I had a breakdown last night. I knew it was coming, and was actually surprised it hadn't hit yet. And then when I was going to bed (in my own bed at home) it hit. I was feeling so overwhelmed by the baskets of laundry that I haven't folded, by the house that really needed a "mom clean". By the kids' homework and keeping up with school responsibilities. By how little attention I'd been able to pay to the hubby and the kiddos. And by the twitchy feeling I have when I'm not with my dad.
So I was a wreck. I was sobbing and unable to breathe or talk. Hubby was just squeezing me, and he summed it up perfectly. He said he knew exactly what I was feeling. Like there was a magnetic pull pulling me to be at mom and dad's, and when I was there, a magnetic pull to be tending to my outside life. He kept telling me things are not falling apart. That he's got this, and I should feel fine about doing what I need to do. Have I mentioned how perfect he is? Well in case I haven't, he's perfect.

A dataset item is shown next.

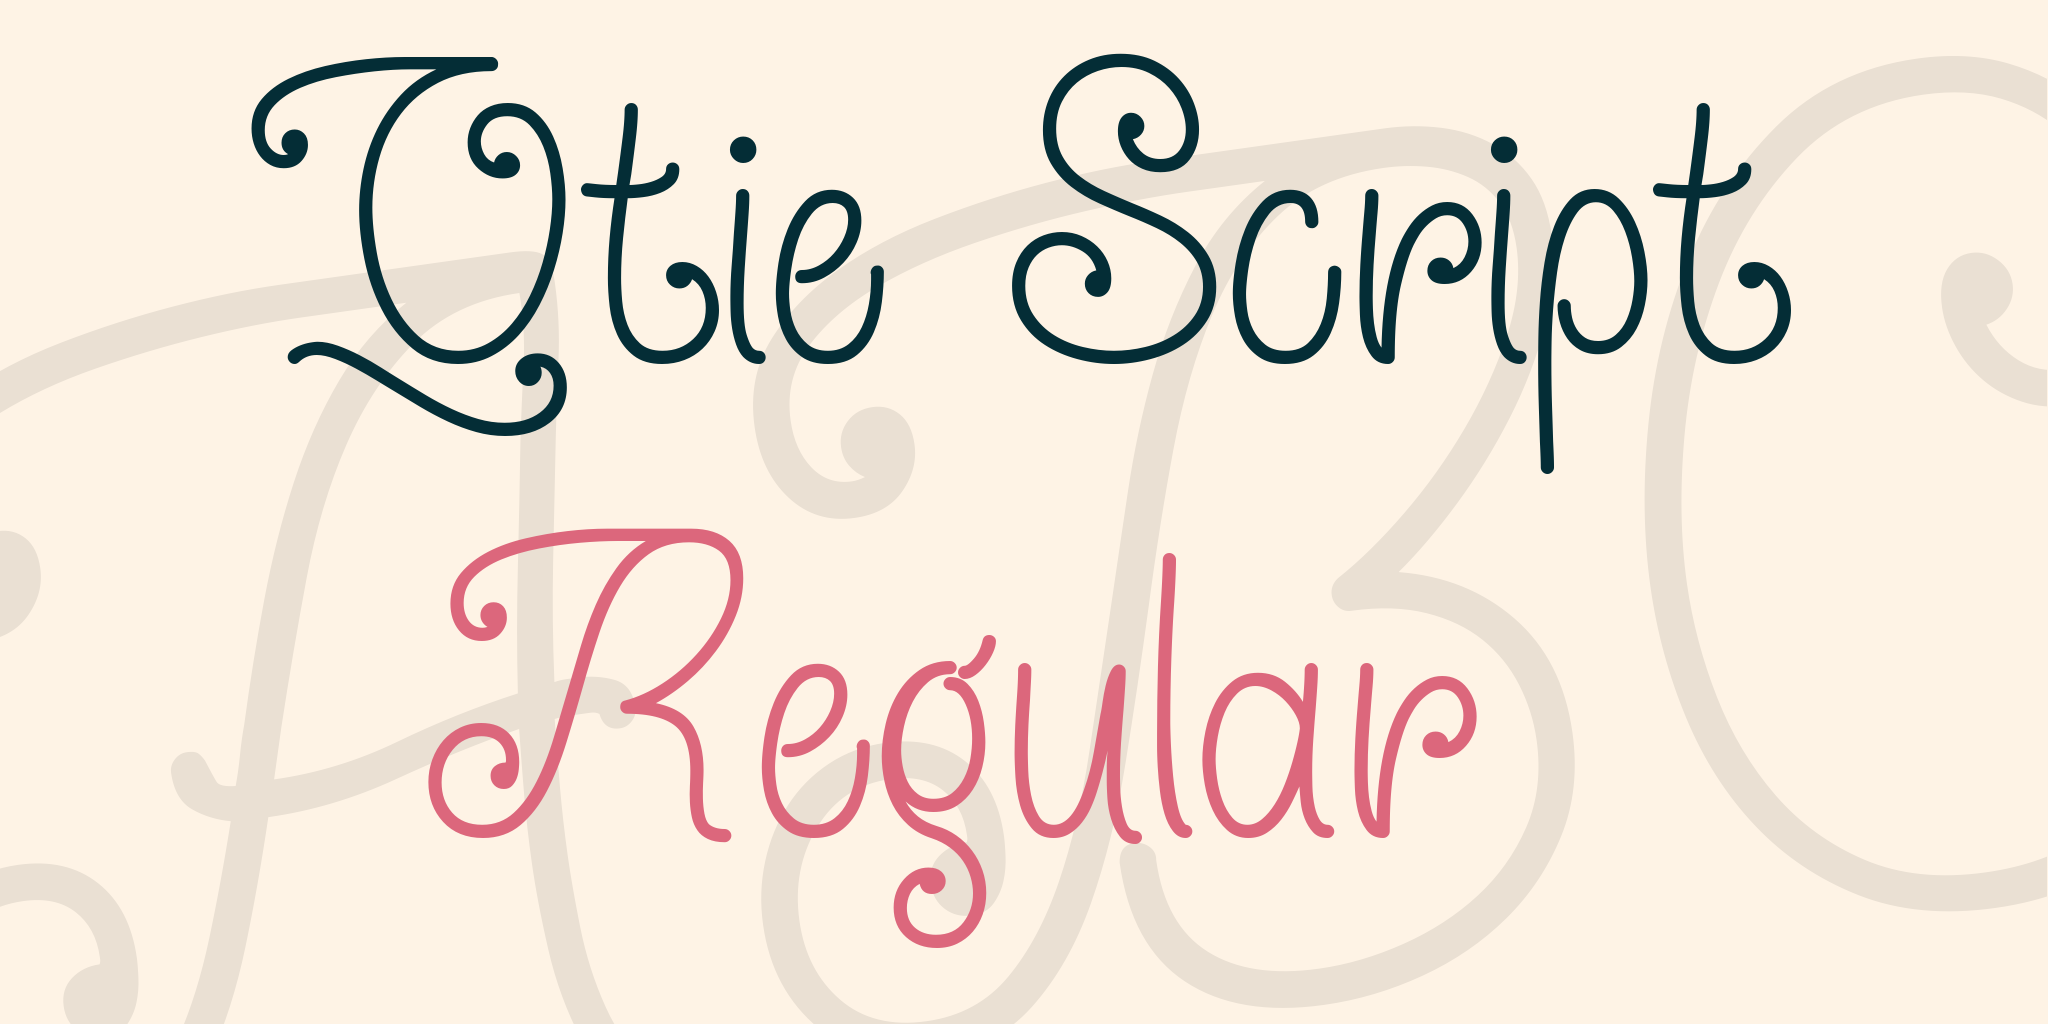 Qtie Script

It's tricky because in some ways this is deja vu. My little family basically moved in with my mom-in-law to care for her and whoever else while she was in the end stages of her life. It was a horrible, stressful, sad, painful situation, but I could not have imagined being anywhere else. Even running to the store was difficult because there was always a nagging worry that something would happen back at the house while I was gone and I wouldn't be there to help. But at that time, my hubby and my kids were with me, along with SIL 3 and her sweet little kids (the ones my kids are staying with tonight). It was hubby's mom, so of course he was more involved. He was able to get a lot of time off to be there, and he went to work when he could. I'm sure it was awful for him to leave. My kids were in preschool so it wasn't too bad for them to miss some school.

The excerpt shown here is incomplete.